How Influence Works
The core mechanics behind faction influence in the Background Simulation.
The 4 Influence Buckets
Every BGS action falls into one of four buckets. Each bucket contributes independently to a faction's influence. The buckets, ranked by impact per effort:
| Bucket | Slider | Impact | Source activities |
|---|---|---|---|
| Combat bounties | Security | Highest | Bounty hunting, resource sites, nav beacons, KWS |
| Exploration data | Economic | High | Universal Cartographics, Roads to Riches |
| Trade profits | Economic | High | High-demand trade loops, station-to-station |
| Missions | Varies | Moderate | Any mission with INF reward (max 5 Horizons, 4 Odyssey) |
Exploration data has no counter. Unlike trade or combat, there is no negative action that can undo exploration data. It's the only "pure positive" bucket.
Diminishing Returns
Each bucket follows a logarithmic curve. Your first contributions have the largest effect, and each additional contribution in the same bucket gives less and less. The curves taper off quickly.

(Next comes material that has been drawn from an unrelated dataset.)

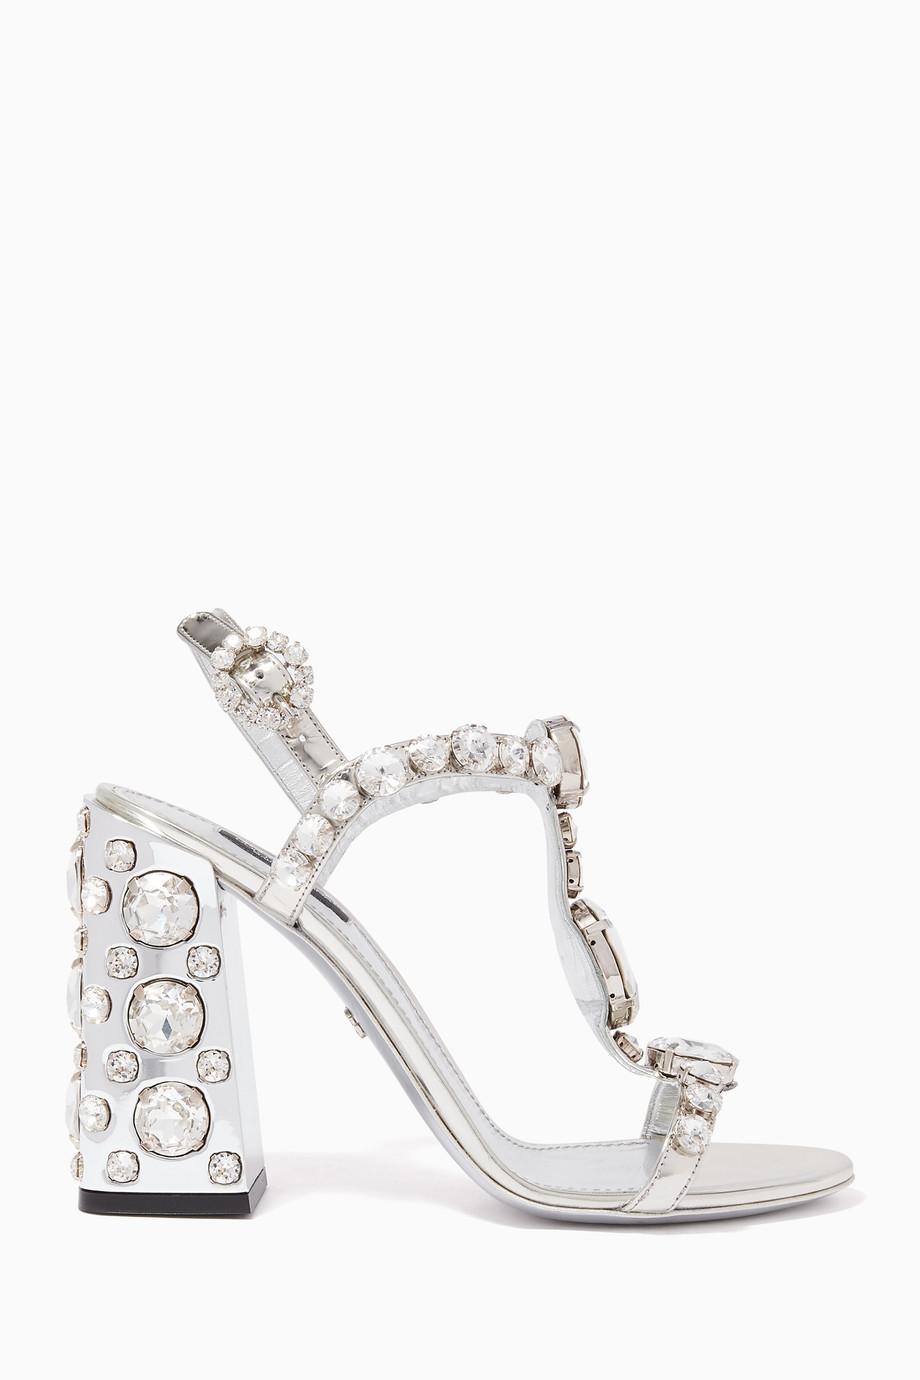 3d9be16fa Shop Dolce & Gabbana Silver Keira Crystal-Embellished Sandals for ...

The approximate formulas (credit: Cmdr Taipandot):
| Bucket | Formula |
|---|---|
| Bounties | 1.33 × log2(bounty / 450,000) |
| Exploration | 0.5 × log2(value / 1,000,000) |
| Trade | 0.5 × log2(value / 100,000) |
| Missions | 0.5 × log2(mission_influence) |
These formulas give relative influence points, not direct percentage changes. The actual influence change also depends on population size (see below).
Population Scaling
Larger systems require more effort to shift the same amount of influence. The relationship is roughly:
Effect = max(0.025, (1 - log(Population) / 10.875)) × Effort
A 1 billion population system needs about 6x more effort than a 1,000 population system to achieve the same influence change.
What this means in practice:
- Small systems (<1M pop) are easy to move — a single operative can make a visible difference
- Medium systems (1M-25M) need consistent daily work from a few people
- Large systems (>25M) require coordinated team effort
- The maximum achievable daily influence shift is lower in large systems regardless of effort
Recommended Daily Contribution
Suggested effort per operative, per system, per day to get good results without burnout. Going beyond these amounts gives diminishing returns.
| Bucket | Small (<1M) Uncontested | Medium (1-25M) | Large (>25M) Contested |
|---|---|---|---|
| Combat bounties | 10 mCr | 20 mCr | 30 mCr |
| Exploration data | 5 mCr | 10 mCr | 15 mCr |
| Trade profits | 10 mCr | 20 mCr | 30 mCr |
| Missions INF | 15 INF | 25 INF | 50 INF |
These are guidelines, not hard limits. If you're in a contested system, you may need more. If uncontested, even less can maintain control.
Push & Pull (Yin-Yang Model)
Since influence adds to 100%, there are two ways to help your faction:
- Push (positive): Boost your faction with bounties, trade, exploration, missions
- Pull (negative): Reduce a competitor with murder, smuggling, unprofitable trade, failed missions
Doing both is significantly more effective than doing only positives. A good rule of thumb: pick one beneficiary faction and one victim faction per system.
Low influence factions steal disproportionately
Pushing a faction below ~10% influence has an outsized effect on the controlling faction. If you want to reduce a dominant faction, boosting several small factions a little each can be more effective than direct negative actions against the big faction. This is a useful force multiplier.
Defending high influence is harder
A faction at 60%+ influence is harder to push higher. Your defensive effort needs to be larger than an attacker's effort because they benefit from the low-influence boost effect. When defending, keep competitors low rather than just pushing yourself higher.
Influence mechanics derived from The Complete BGS Guide 2025 v3.0 by Cmdr Purrfect (CC BY-NC-SA 4.0), with testing by Cmdrs Cluster Fox and Taipandot.